RLHF Book
Nathan Lambert’s open textbook on Reinforcement Learning from Human Feedback. Free online at rlhfbook.com, source on GitHub (1.8k stars, heading to Manning print edition April 2026). Gentle introduction for readers with a quantitative background — not a blog dump, an actual book that covers the full optimization pipeline.
Why this resource is load-bearing
Most RLHF knowledge is scattered across papers, blog posts, and Twitter threads. Lambert stitches it into one linear progression:
- Origins & foundations — economics, philosophy, optimal control. Where the preference-learning idea actually came from.
- Fundamentals — problem formulation, preference data collection, math framework.
- Core pipeline — instruction tuning (IFT) → reward model training → rejection sampling → PPO → direct alignment (DPO).
- Advanced — synthetic data, evaluation, tool use, RLVR (reinforcement learning from verifiable rewards, the reasoning-model trick).
- Open questions — product applications, future directions.
The book is a living document: v0 April 2025 → v2 February 2026 with reorg, editor feedback, expansion. Companion code library, video course, Kindle + PDF support, Discord community.
What to take from it
- RLHF is a deployment tool, not just an algorithm. The pipeline matters as much as the loss function. Data collection → reward model → policy optimization → eval — each stage has its own failure modes.
- DPO vs PPO is not religion. Lambert treats direct alignment algorithms as one branch, not the branch. For small labs, DPO is simpler; for large-scale production, PPO+reward-model still wins.
- RLVR is the reasoning unlock. The chapter on reinforcement learning from verifiable rewards is the clearest explanation of how o1/R1-style reasoning models are actually trained. Verifiable = unit tests, math answer checkers, code execution traces.
- Evaluation is the hard part. Lambert spends serious pages on eval methods — because reward hacking, preference-collection bias, and benchmark gaming make “did it work?” non-trivial.
Connections
- schema-guided-reasoning — SGR is the inference-time alignment trick (structure the output space). RLHF is the training-time alignment trick (train the model to prefer good outputs). Complementary, not competing — we use SGR because we don’t train our own models.
- sgr-deep-dive — extends the SGR note with code. RLHF teaches when SGR alone isn’t enough: if the base model lacks a capability, structured prompting won’t summon it — you need to train or pick a stronger base.

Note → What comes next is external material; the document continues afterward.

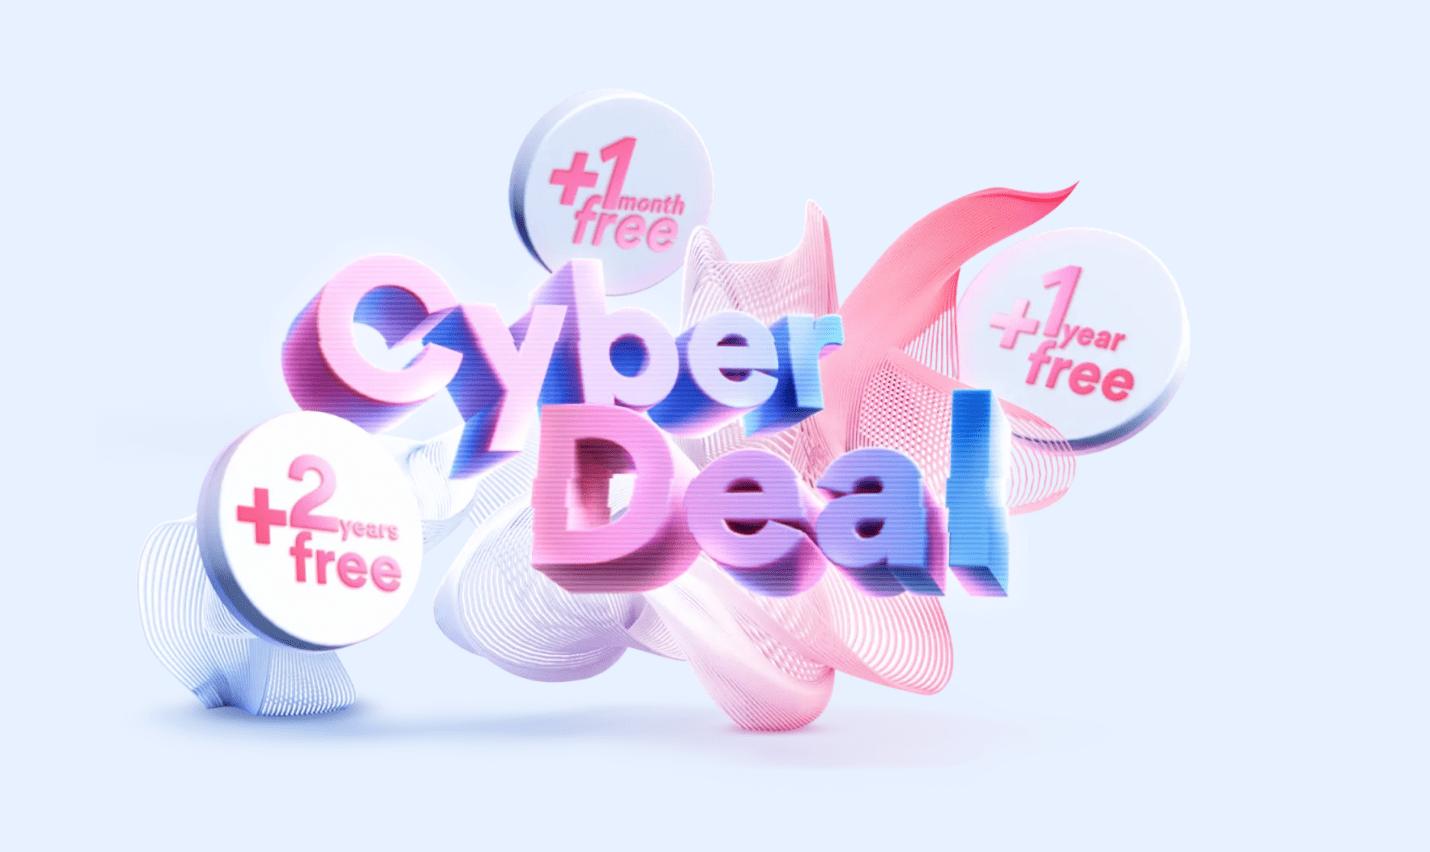 NordVPN Cyber Deal Black Friday 2020

- agent-benchmarks — the book’s eval chapter pairs with our agent-benchmark survey. RLHF eval (reward hacking, Goodhart’s law) explains why SWE-bench numbers keep climbing without real capability gains.

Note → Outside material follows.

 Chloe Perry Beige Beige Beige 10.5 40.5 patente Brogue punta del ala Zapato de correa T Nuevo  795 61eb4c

- erc3-agents-competition — our ERC3 results used prompting + evolution, not RLHF. The book is the “what we’re not doing” reference — useful to know the ceiling of in-context methods.
- shinka-evolve — evolutionary code optimization is adjacent to RLHF in the “optimize LLM behavior without gradient descent on weights” family. RLHF trains the model; Shinka evolves the prompt/program around the model.
- stanford-ai-index-2026 — macro context for why RLHF matters: post-training is where the capability gap between open and closed models is being decided.
How we use this
Solo founders don’t train foundation models. So the book is a literacy tool, not a manual:
- Read the first 3 chapters (origins, fundamentals, pipeline) to understand what you’re buying when you pick a model.
- Skim the DPO and RLVR chapters to know which open models are worth fine-tuning for narrow tasks (verifiable reward = we can make a reward signal from tests/code execution).
- Skip the PPO deep-dive unless you’re actually shipping reward models.